§ What to work on: Please return every line of the material verbatim and skip any images.

§ Recorded information:
__________________________________________________

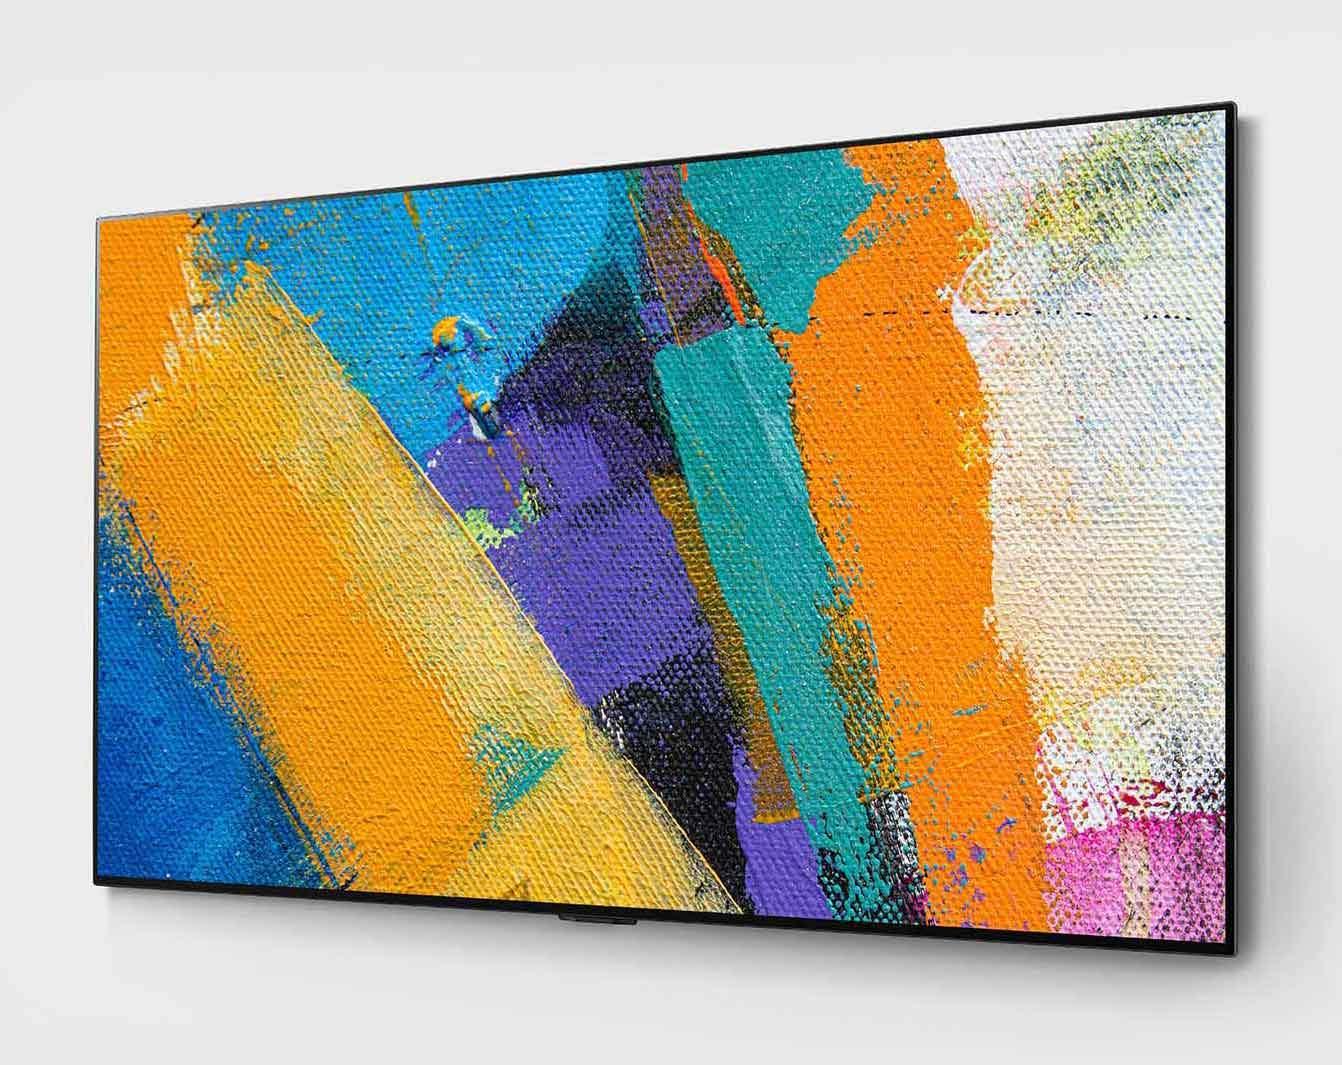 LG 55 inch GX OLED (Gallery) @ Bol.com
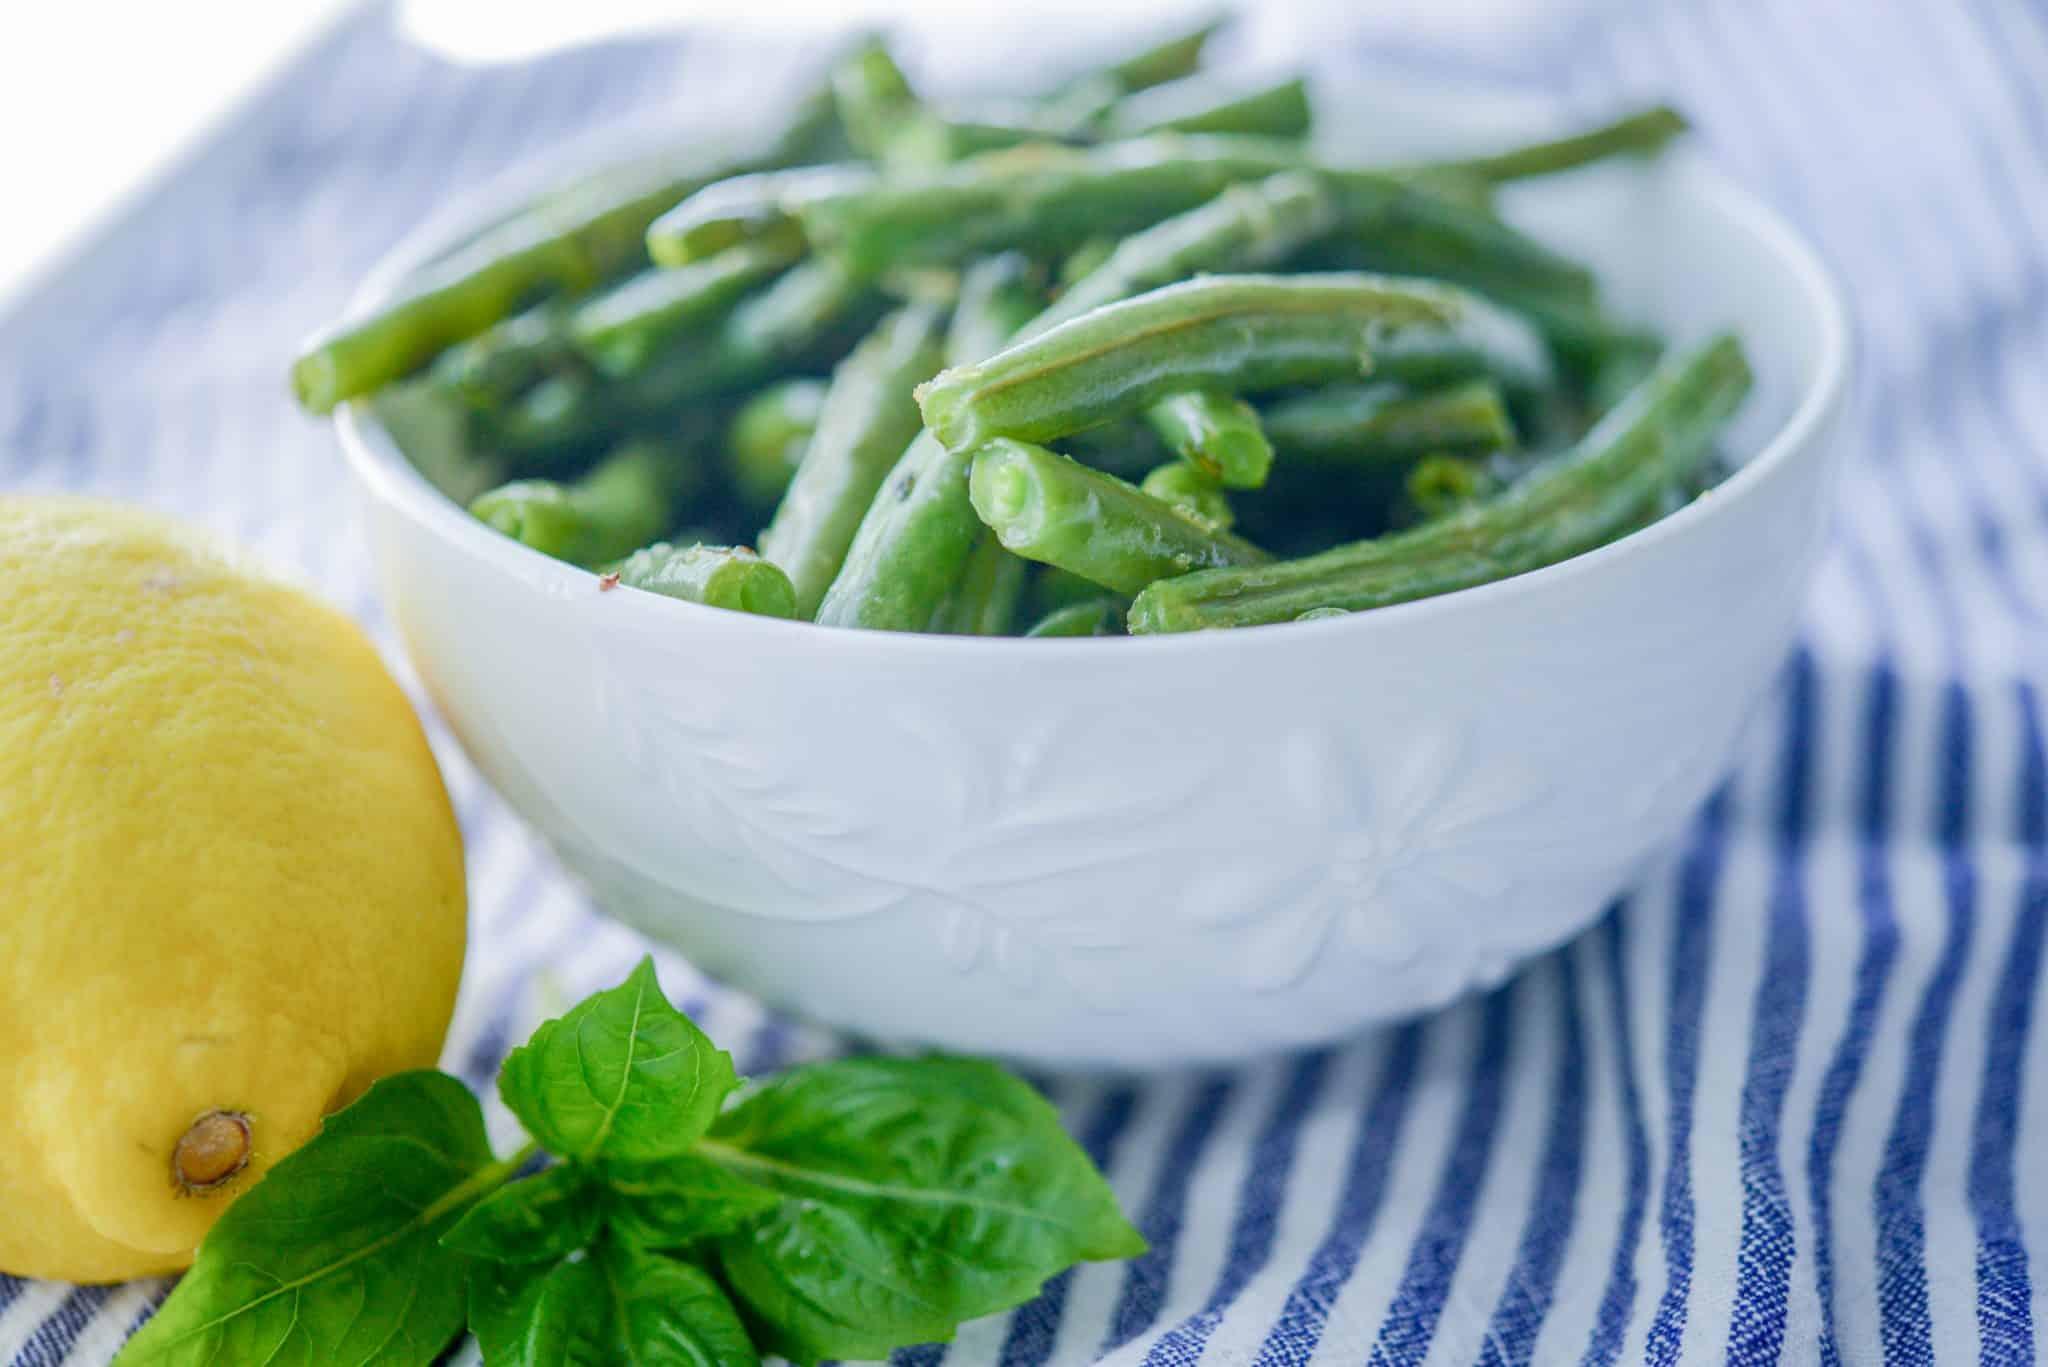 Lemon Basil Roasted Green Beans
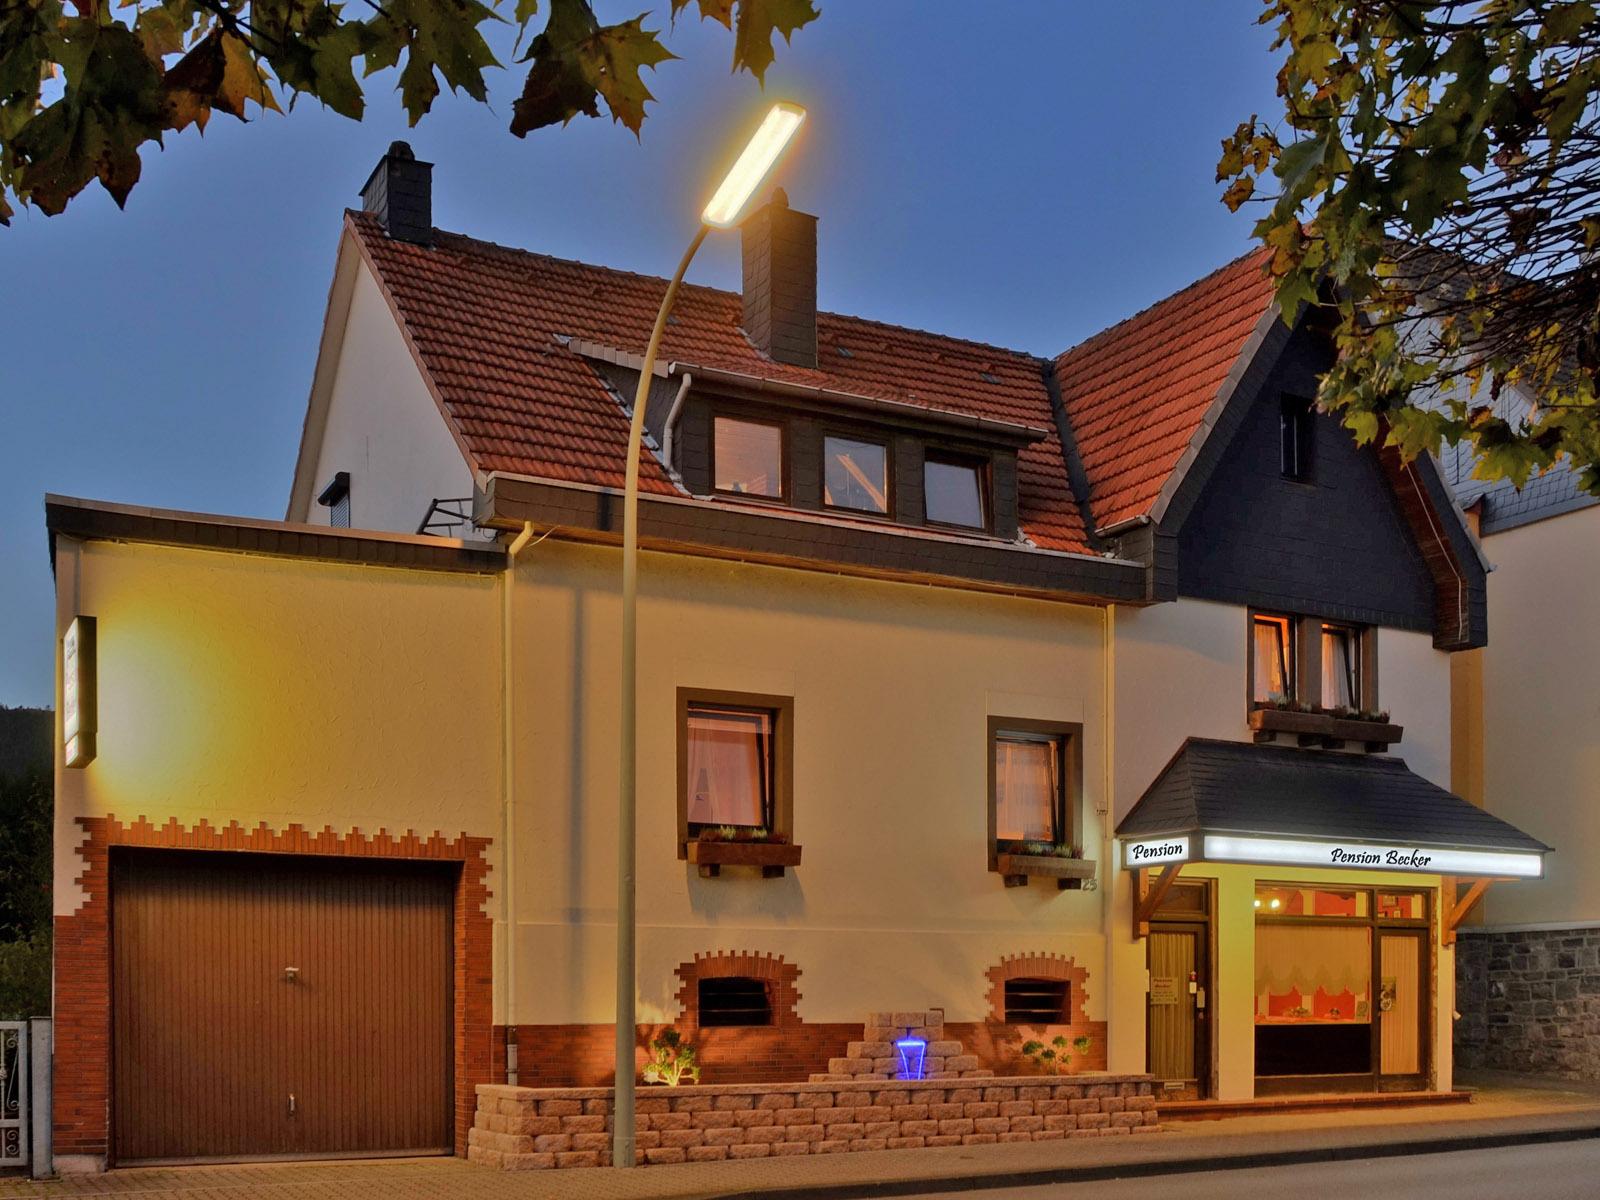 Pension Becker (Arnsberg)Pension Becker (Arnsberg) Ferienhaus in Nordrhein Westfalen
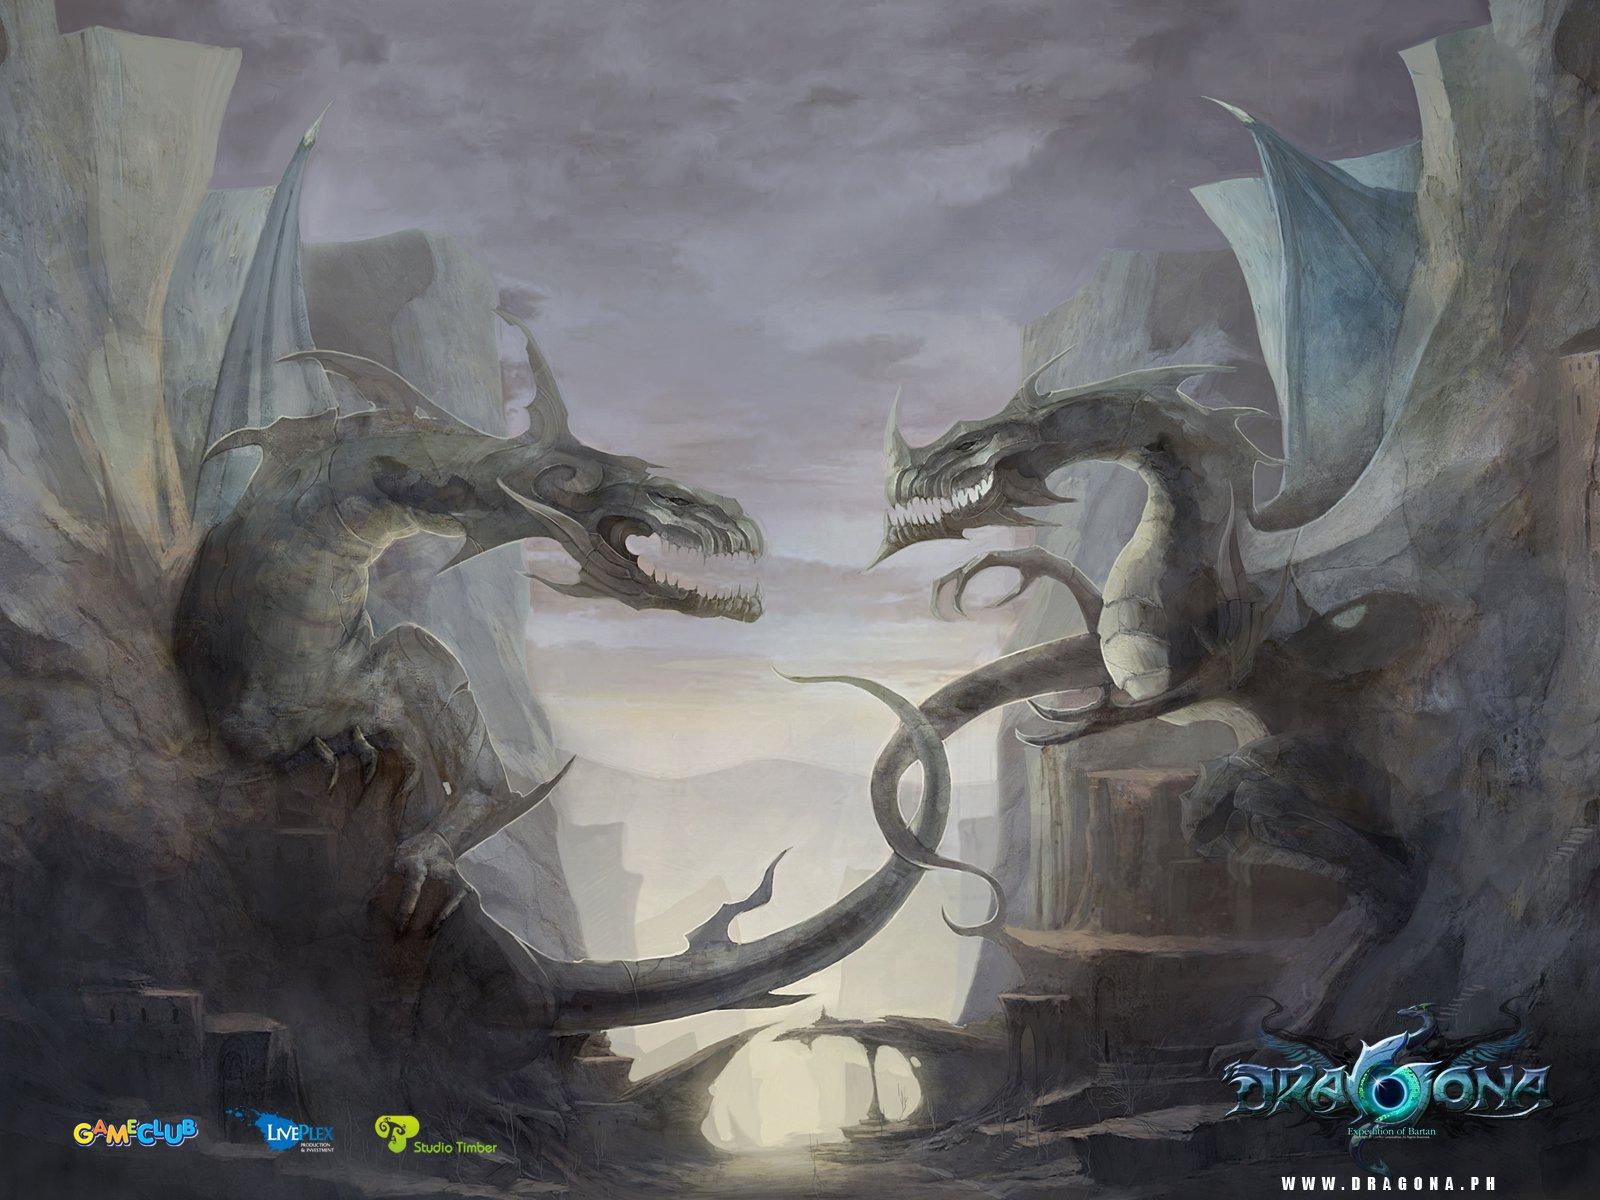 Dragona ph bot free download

__________________________________________________

§ Solution for this task:
 LG 55 inch GX OLED (Gallery) @ Bol.com
 Lemon Basil Roasted Green Beans
 Pension Becker (Arnsberg)Pension Becker (Arnsberg) Ferienhaus in Nordrhein Westfalen
 Dragona ph bot free download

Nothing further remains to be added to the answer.